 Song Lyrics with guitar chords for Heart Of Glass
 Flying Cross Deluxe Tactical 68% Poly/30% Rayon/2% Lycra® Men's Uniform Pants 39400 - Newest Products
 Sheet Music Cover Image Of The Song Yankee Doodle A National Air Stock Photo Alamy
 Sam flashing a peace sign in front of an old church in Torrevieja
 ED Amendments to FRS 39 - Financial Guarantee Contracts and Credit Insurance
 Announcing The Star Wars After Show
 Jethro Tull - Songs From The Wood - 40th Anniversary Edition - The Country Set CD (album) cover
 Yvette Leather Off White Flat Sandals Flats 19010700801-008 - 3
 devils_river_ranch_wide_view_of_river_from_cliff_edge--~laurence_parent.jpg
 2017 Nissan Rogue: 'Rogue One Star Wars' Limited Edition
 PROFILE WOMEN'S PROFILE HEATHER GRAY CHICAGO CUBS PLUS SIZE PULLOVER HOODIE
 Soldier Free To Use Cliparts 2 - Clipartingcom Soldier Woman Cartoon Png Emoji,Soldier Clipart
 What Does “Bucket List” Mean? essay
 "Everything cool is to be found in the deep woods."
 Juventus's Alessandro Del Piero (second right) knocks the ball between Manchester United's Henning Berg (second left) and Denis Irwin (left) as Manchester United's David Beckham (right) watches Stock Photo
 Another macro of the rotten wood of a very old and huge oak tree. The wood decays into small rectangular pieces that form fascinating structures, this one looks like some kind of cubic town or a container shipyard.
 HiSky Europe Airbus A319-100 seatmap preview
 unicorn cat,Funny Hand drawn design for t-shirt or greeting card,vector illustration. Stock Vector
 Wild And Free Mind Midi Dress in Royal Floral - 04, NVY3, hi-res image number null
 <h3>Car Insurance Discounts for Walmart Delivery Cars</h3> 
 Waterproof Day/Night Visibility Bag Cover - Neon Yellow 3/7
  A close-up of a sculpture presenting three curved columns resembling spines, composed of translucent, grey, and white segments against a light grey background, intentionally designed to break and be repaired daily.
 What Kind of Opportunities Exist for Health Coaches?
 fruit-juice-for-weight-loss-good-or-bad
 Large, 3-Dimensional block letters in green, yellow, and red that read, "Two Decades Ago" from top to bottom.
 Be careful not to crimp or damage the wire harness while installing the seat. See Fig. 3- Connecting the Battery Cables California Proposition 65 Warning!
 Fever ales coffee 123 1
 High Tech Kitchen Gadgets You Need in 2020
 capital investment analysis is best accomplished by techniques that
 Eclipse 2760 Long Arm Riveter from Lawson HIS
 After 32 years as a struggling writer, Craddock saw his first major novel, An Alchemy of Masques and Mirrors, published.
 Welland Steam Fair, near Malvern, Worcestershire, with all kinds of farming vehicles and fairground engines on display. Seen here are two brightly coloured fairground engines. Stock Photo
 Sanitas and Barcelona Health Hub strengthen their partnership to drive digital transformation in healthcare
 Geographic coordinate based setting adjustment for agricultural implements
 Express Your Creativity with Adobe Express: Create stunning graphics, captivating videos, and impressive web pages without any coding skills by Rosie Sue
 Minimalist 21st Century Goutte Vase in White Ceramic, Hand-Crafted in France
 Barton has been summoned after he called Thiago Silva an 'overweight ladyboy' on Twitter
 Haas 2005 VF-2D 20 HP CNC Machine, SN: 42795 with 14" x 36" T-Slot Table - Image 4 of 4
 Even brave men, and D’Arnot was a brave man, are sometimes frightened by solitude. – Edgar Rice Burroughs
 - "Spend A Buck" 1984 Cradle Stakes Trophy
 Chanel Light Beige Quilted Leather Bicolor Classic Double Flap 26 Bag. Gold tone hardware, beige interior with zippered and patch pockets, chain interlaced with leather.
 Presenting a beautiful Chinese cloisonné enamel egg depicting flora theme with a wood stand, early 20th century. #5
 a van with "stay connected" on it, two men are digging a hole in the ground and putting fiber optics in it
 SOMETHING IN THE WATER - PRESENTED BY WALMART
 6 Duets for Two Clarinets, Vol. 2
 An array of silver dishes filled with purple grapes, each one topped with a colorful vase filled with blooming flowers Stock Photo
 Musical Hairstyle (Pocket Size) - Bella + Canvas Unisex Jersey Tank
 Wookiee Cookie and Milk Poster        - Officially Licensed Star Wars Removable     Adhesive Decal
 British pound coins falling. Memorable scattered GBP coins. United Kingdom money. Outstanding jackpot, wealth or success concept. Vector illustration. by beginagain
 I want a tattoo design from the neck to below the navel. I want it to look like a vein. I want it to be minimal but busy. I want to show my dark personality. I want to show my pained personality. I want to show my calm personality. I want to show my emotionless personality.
┄┄┄┄┄┄┄┄┄┄┄┄┄┄┄┄┄┄┄┄
[EXERCISE]:
Using the data above, restate word for word the lines from its opening line through the line that contains "Jethro Tull - Songs", and no more.

[RESULT OF THIS TASK]:
 Song Lyrics with guitar chords for Heart Of Glass
 Flying Cross Deluxe Tactical 68% Poly/30% Rayon/2% Lycra® Men's Uniform Pants 39400 - Newest Products
 Sheet Music Cover Image Of The Song Yankee Doodle A National Air Stock Photo Alamy
 Sam flashing a peace sign in front of an old church in Torrevieja
 ED Amendments to FRS 39 - Financial Guarantee Contracts and Credit Insurance
 Announcing The Star Wars After Show
 Jethro Tull - Songs From The Wood - 40th Anniversary Edition - The Country Set CD (album) cover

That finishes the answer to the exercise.